As somebody who has been translating patents from Japanese, German, French and other languages into English for 27 years, I appreciate MT for what it is – an extremely useful tool for translators and non-translators alike. But from my viewpoint, MT is a most wonderful tool especially for translators.

I remember the days when there was no MT in the eighties and nineties. Not only that, the legibility of documents was often horrible when after a second or even third generation fax, Japanese characters that were originally beautifully clear and crisp became but poor shadows of what they used to be, like shadows of ideas on the wall of Plato’s cave.

Digital copy has then finally put an end to this particular torturing of translator’s eyes and brain, and MT has later made it still easier for translators to do their work, for example by quickly locating possible translations of technical terms, or even the correct pronunciations of personal and geographical names, which used to be very difficult to ascertain in Japanese before easy access to MT for the most part solved this and other problems.
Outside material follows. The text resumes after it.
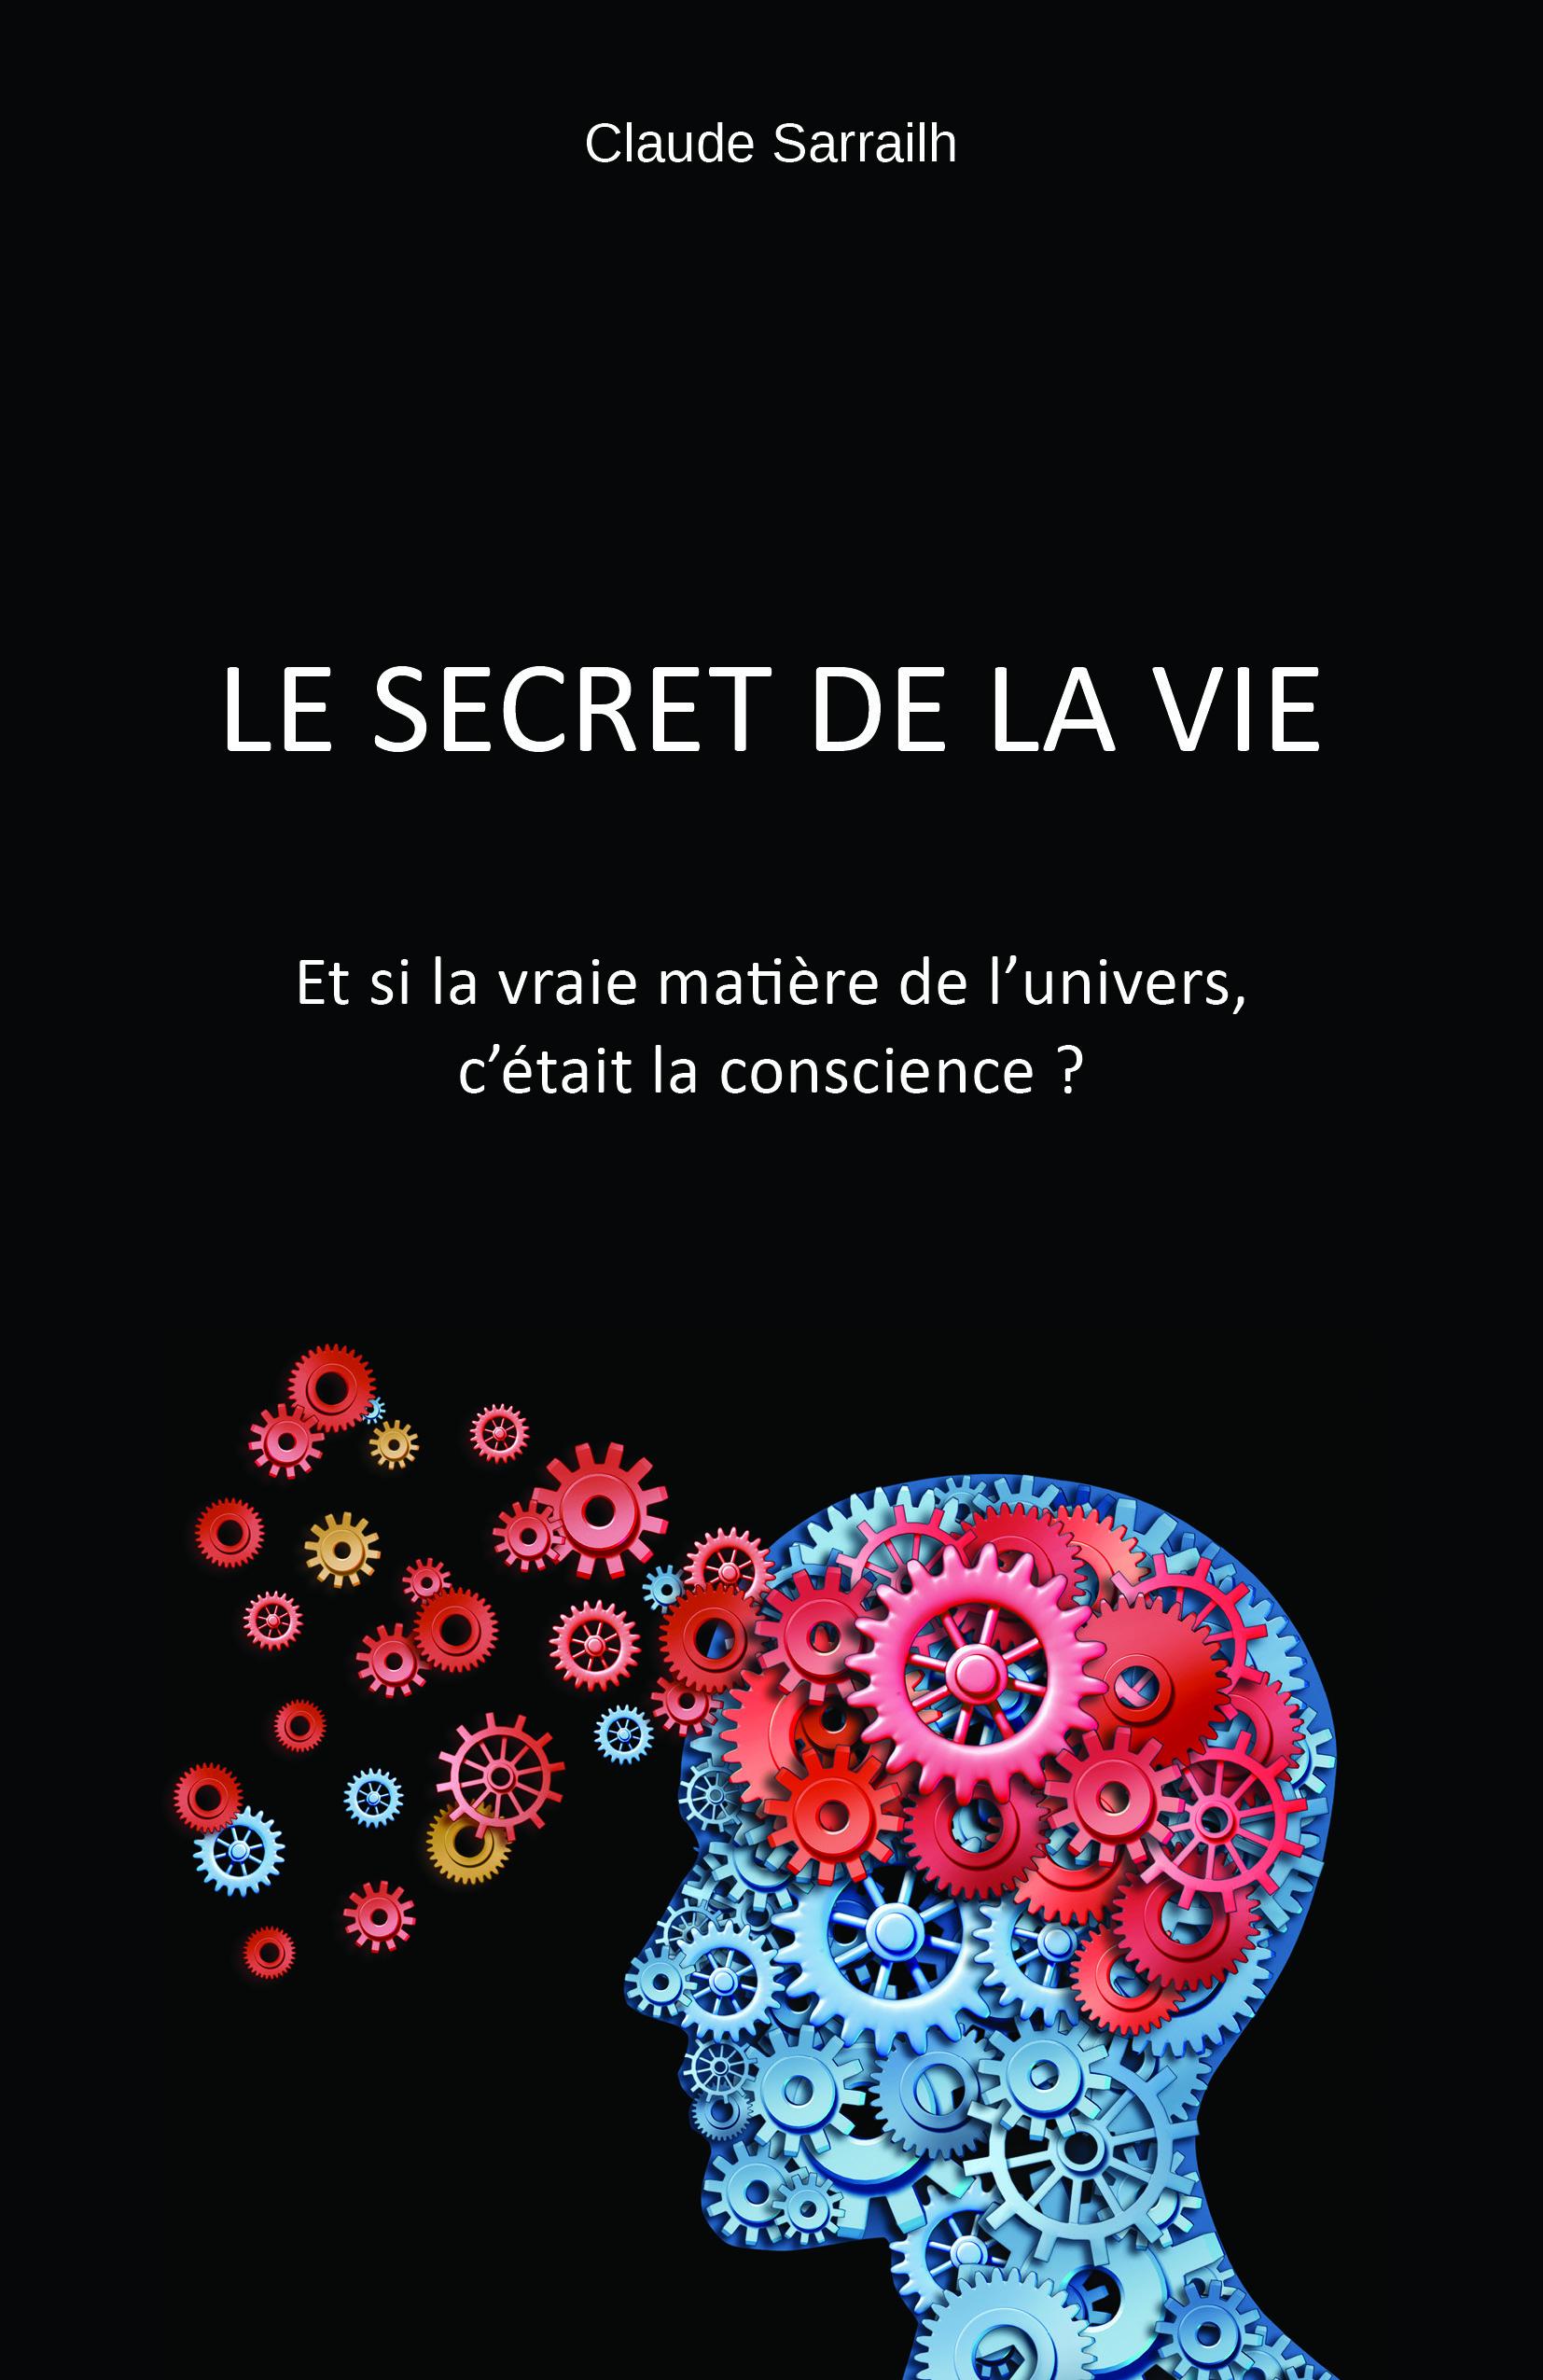 Le secret de la vie, Et si la vraie matière de l'univers, c'était la conscience ?
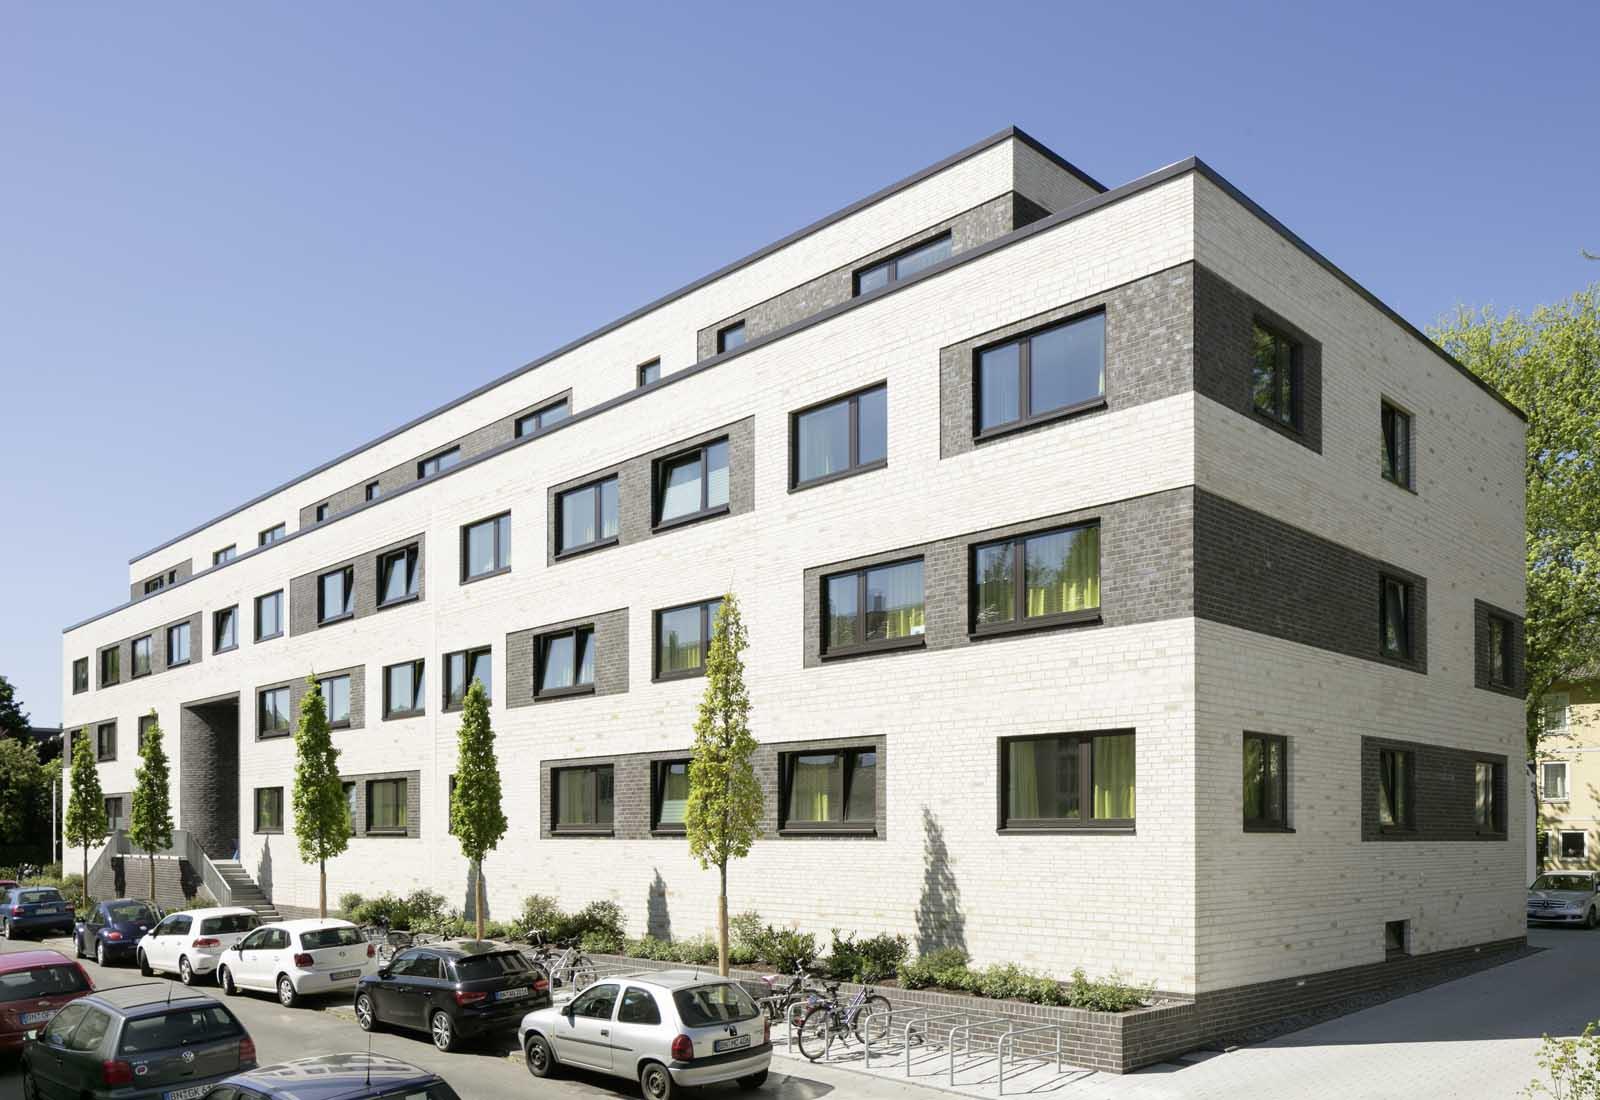 Studentenwohnheim Durusstr. Bonn | Architekturbüro Koenigs und Rütter, Bonn

At the beginning of 21st century, I consider myself very lucky because like everybody else, I now generally have access to clearly legible copies of documents in foreign languages, especially patents. And before I start translating a patent, I generally print out an MT version of the text in Japanese or another language because it helps me with my work. MT helps me in the same way that a specialized dictionary or a specialized online database helps, but it does not do my work for me.

I look at the printed text quite a bit when I start translating because at that point, I am still formulating in my mind the terms that I will be using, and suggestions from the MT tool are often useful (although they can be also misleading).

If it made sense for me to “edit” the MT-processed text and pretend that it is my own work – hey, I would do it myself! Why not if I could work faster and make more money in this manner?

But it so happens that things don’t work like this in translation, because, as I said at the beginning, while machine translation is a very useful tool, it is not translation. If I tried to edit the MT text, no matter how much and for how long I tried to edit the damn thing, the editing process would necessarily introduce abominations conceived in the brain of a machine into a human translation to such an extent that I would lose all of my clients very quickly.

The only real solution for all of the problems inherent in machine translation is a retranslation.

This is something that is difficult to explain to people who don’t know much about translation, especially since expecting that technology will keep delivering new fantastic miracles to us on a daily basis is deeply rooted now in the very essence of our so-called civilization.

But as more and more people now have direct experience with MT as it is available to anyone for free with access to a computer, tablet or smart phone, I am hoping that fewer people will be giving me the uncomprehending look that I sort of became used to over the years when I try to explain to non-translators why MT is a gift to human translators rather than a curse that will eventually do away with my profession.

As most people have already used MT on their own, or will be using it soon, more and more of them will hopefully start understanding what MT is and what it isn’t.